Should butter be cheaper because New Zealand produces so much of it? Photo / 123RF
Should butter be cheaper because New Zealand produces so much of it? Photo / 123RF
Opinion by Jacqueline Rowarth
Adjunct Professor Lincoln University, director of DairyNZ, Ravensdown and Deer Industry NZ, and member of the Scientific Council of the World Farmers’ Organisation.
Downsizing parents have been known to assist their children into the family home while choosing somewhere less expensive for themselves.
But if an outlander said they would give you twice the money of the valuation of your home, would you then accept it in the knowledge your children would ultimately be better off?
There could be $1 million extra to spend on whatever you and they need, want or desire – a different house and a car, holiday or whatever.
A considerable amount of time and energy is spent marketing and positioning to achieve the best price possible for the product.
The money keeps people in employment, funds repairs, maintenance and infrastructure development, and also funds research into new products.
The bulk of the export income goes to the dairy farmers so that they, too, can employ people and create vibrant businesses, while also funding farm research through their levy contribution to industry good bodies such as DairyNZ and Beef + Lamb NZ.
The income streams give everybody more choice, including the Government through tax-take investment.
Every dairy dollar created by New Zealand cows and sold offshore generates over seven times the value in New Zealand and increases employment by over eight Full Time Equivalent positions.
The $27 billion in export dollars is $5400 for every New Zealander, which multiplied by seven is almost $40,000.
That is just for dairy.
It is a lot of packs of butter, or cheese, and certainly litres of milk.
The Government’s concept of doubling the value of exports underpins its desire (and New Zealand’s need) for improved health, education and infrastructure, as well as police, environment, and every other group important to New Zealand’s functioning as a developed nation.
Prices come down when supply exceeds demand, writes Dr Jacqueline Rowarth.
If the export income increases, New Zealanders are better off.
Despite this, there has been yet another outcry over the price of butter, with statements that it should be cheaper because New Zealand produces so much of it.
Prices come down when supply exceeds demand, or if the product is being used as a loss leader by the seller.

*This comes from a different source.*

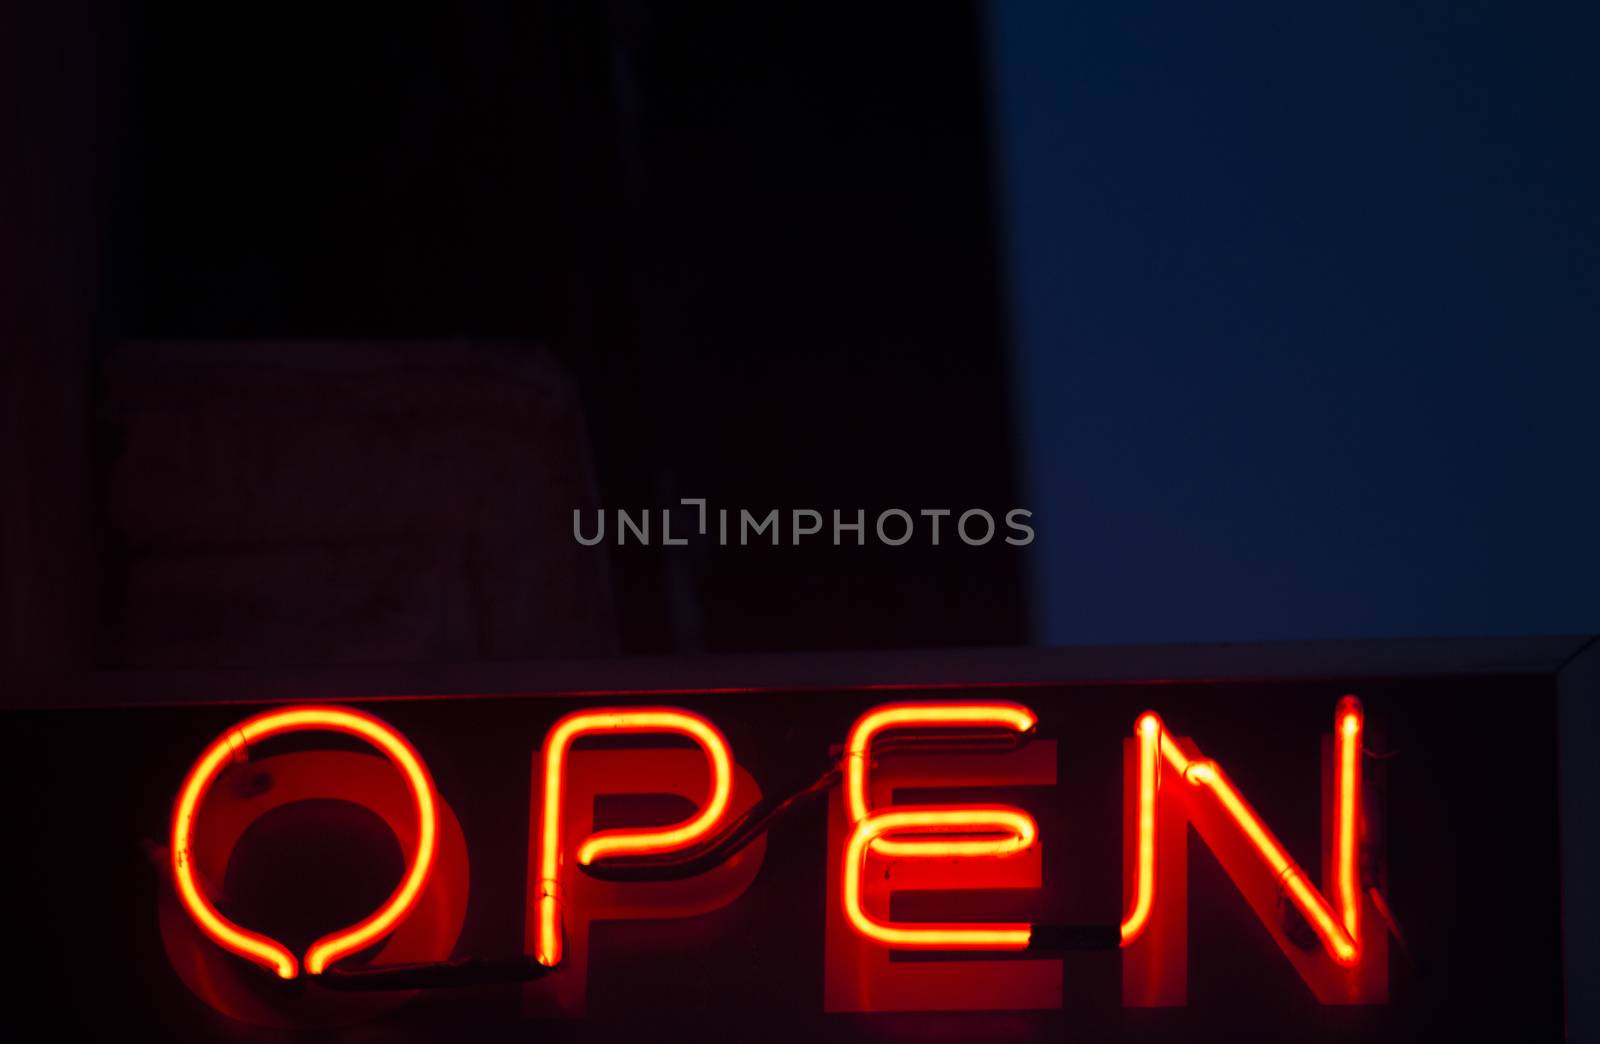 Neon open sign at night in street photo.

Vegetables and fruit tend to be cheaper in peak harvest season because supply is plentiful.
The Food Price Index shows increases during winter and drought (and in the aftermath of cyclones).
There is no glut in dairy products – they are in demand.
Supermarkets have borne the brunt of complaints about rising food prices (overlooking the impact of an increase in wages, power, rates and compliance costs, and the fact about 40% of food is imported).
An article published last year showed each New Zealand supermarket was generating over 40% more revenue than US supermarkets.
But each New Zealand supermarket was also serving more people.
The article suggested having more competition between supermarket companies would reduce the revenue (implication - profit - which is not necessarily the case) for each supermarket.
When comparing prices here with those overseas, the role of GST, which adds 15% to the purchase price, is often overlooked.
Further, unlike farmers elsewhere, New Zealand farmers do not receive Government support (taxpayer money).
In many cases in the northern hemisphere, the support is what keeps the business solvent while ensuring domestic food security and a managed landscape.
Discussing butter prices, Gareth Kiernan, chief forecaster at Infometrics, has explained that the alternatives are subsidies (which have to be paid for with tax) or regulation.
There is a cost to both, resulting in inefficiencies.